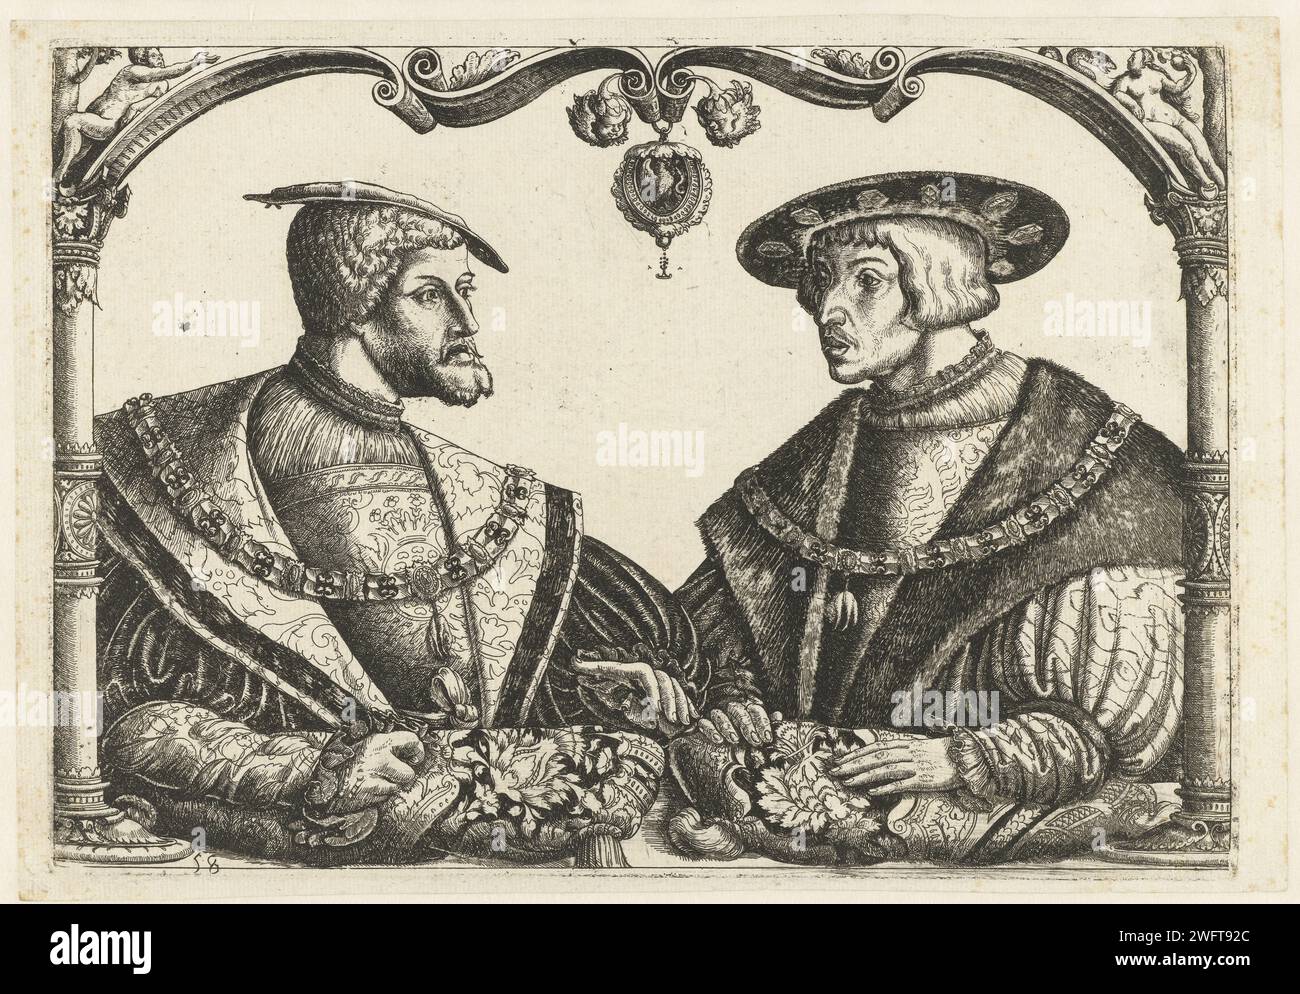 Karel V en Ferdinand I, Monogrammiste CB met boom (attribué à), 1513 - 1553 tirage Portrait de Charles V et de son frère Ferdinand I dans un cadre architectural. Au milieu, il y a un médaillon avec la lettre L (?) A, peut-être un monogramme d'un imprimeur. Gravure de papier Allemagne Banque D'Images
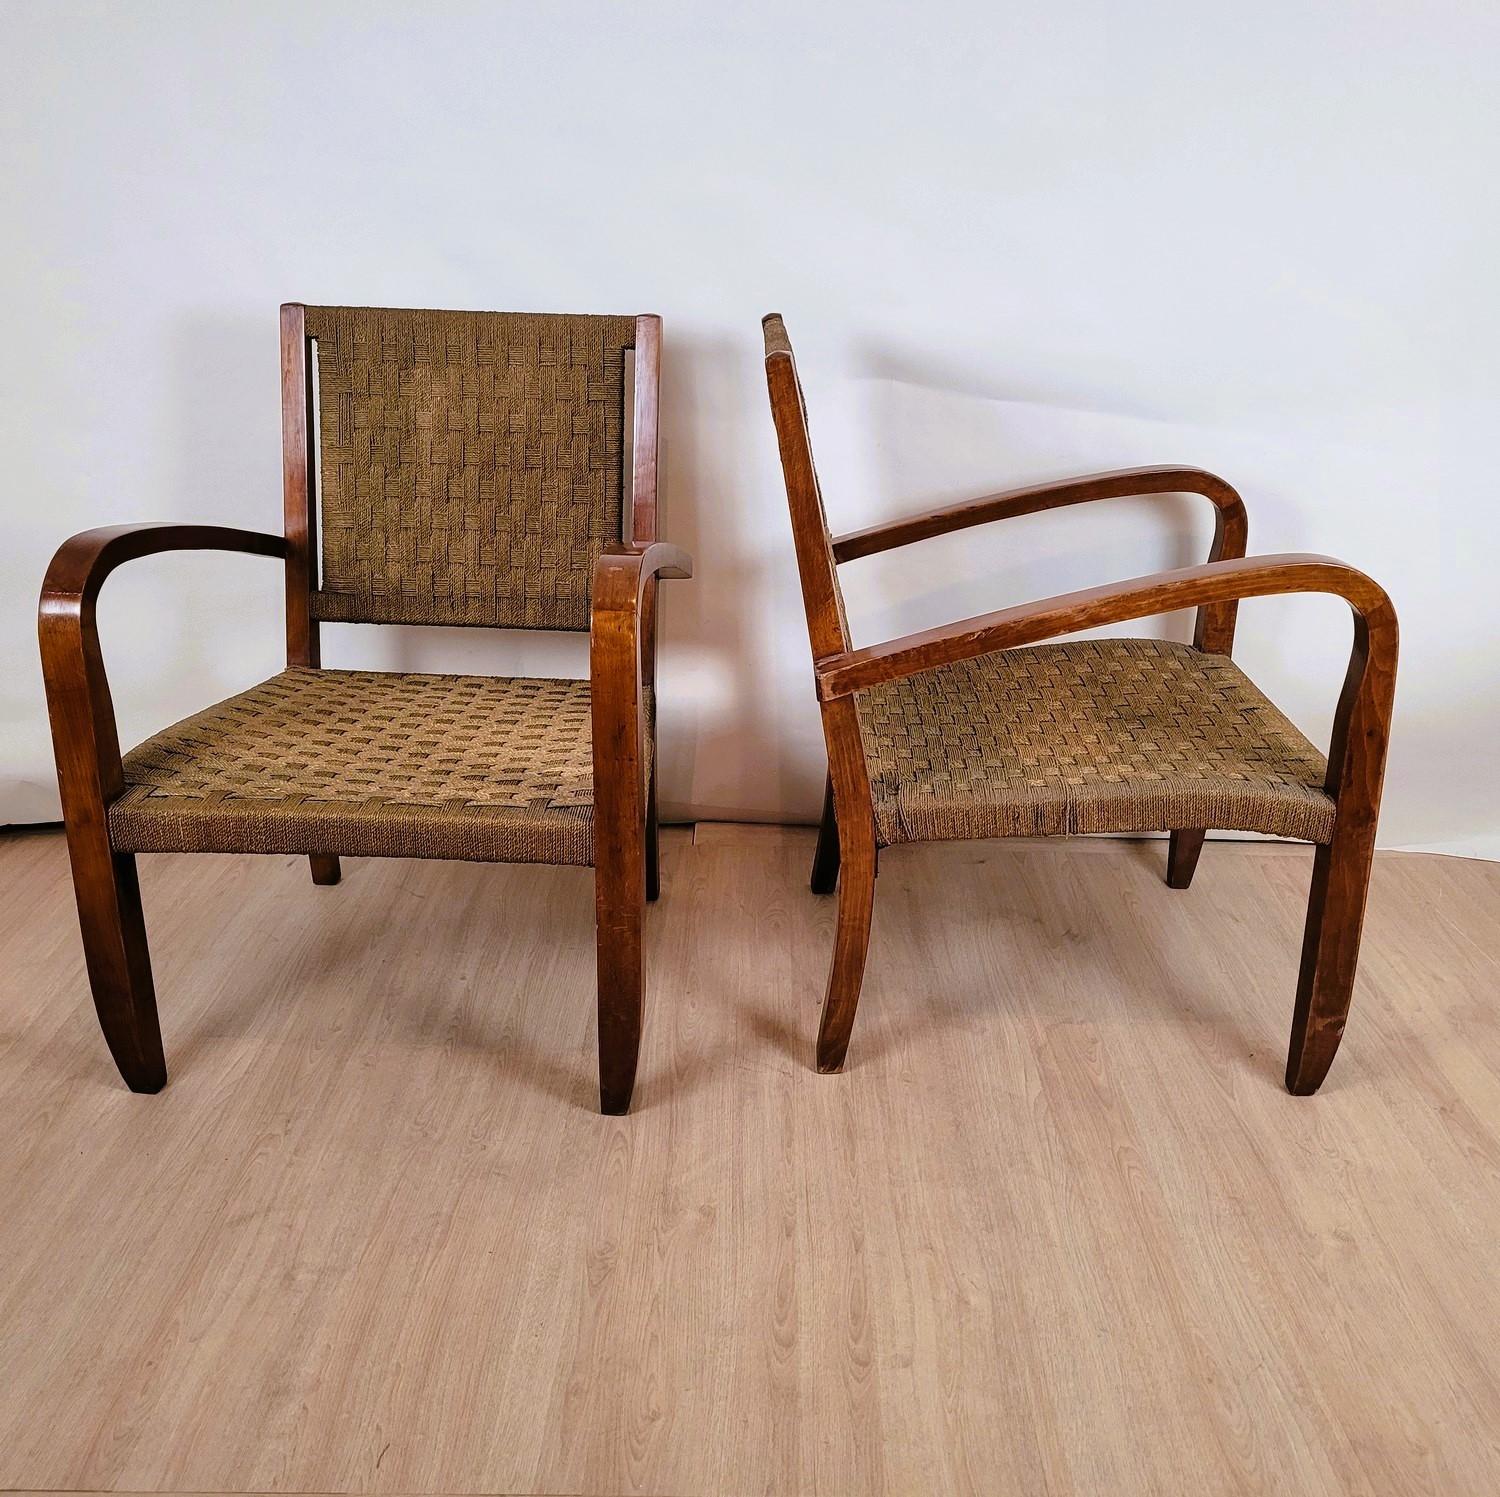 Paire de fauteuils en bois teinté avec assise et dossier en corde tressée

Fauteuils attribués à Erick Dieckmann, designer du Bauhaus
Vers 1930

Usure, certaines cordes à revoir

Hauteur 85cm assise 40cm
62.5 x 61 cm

* * * * *

- _Aim of the exercise_
Without the pictures, extract every entry verbatim.

- _Written solution_
 Karel V en Ferdinand I, Monogrammiste CB met boom (attribué à), 1513 - 1553 tirage Portrait de Charles V et de son frère Ferdinand I dans un cadre architectural. Au milieu, il y a un médaillon avec la lettre L (?) A, peut-être un monogramme d'un imprimeur. Gravure de papier Allemagne Banque D'Images
 Paire de fauteuils en bois teinté avec assise et dossier en corde tressée

Fauteuils attribués à Erick Dieckmann, designer du Bauhaus
Vers 1930

Usure, certaines cordes à revoir

Hauteur 85cm assise 40cm
62.5 x 61 cm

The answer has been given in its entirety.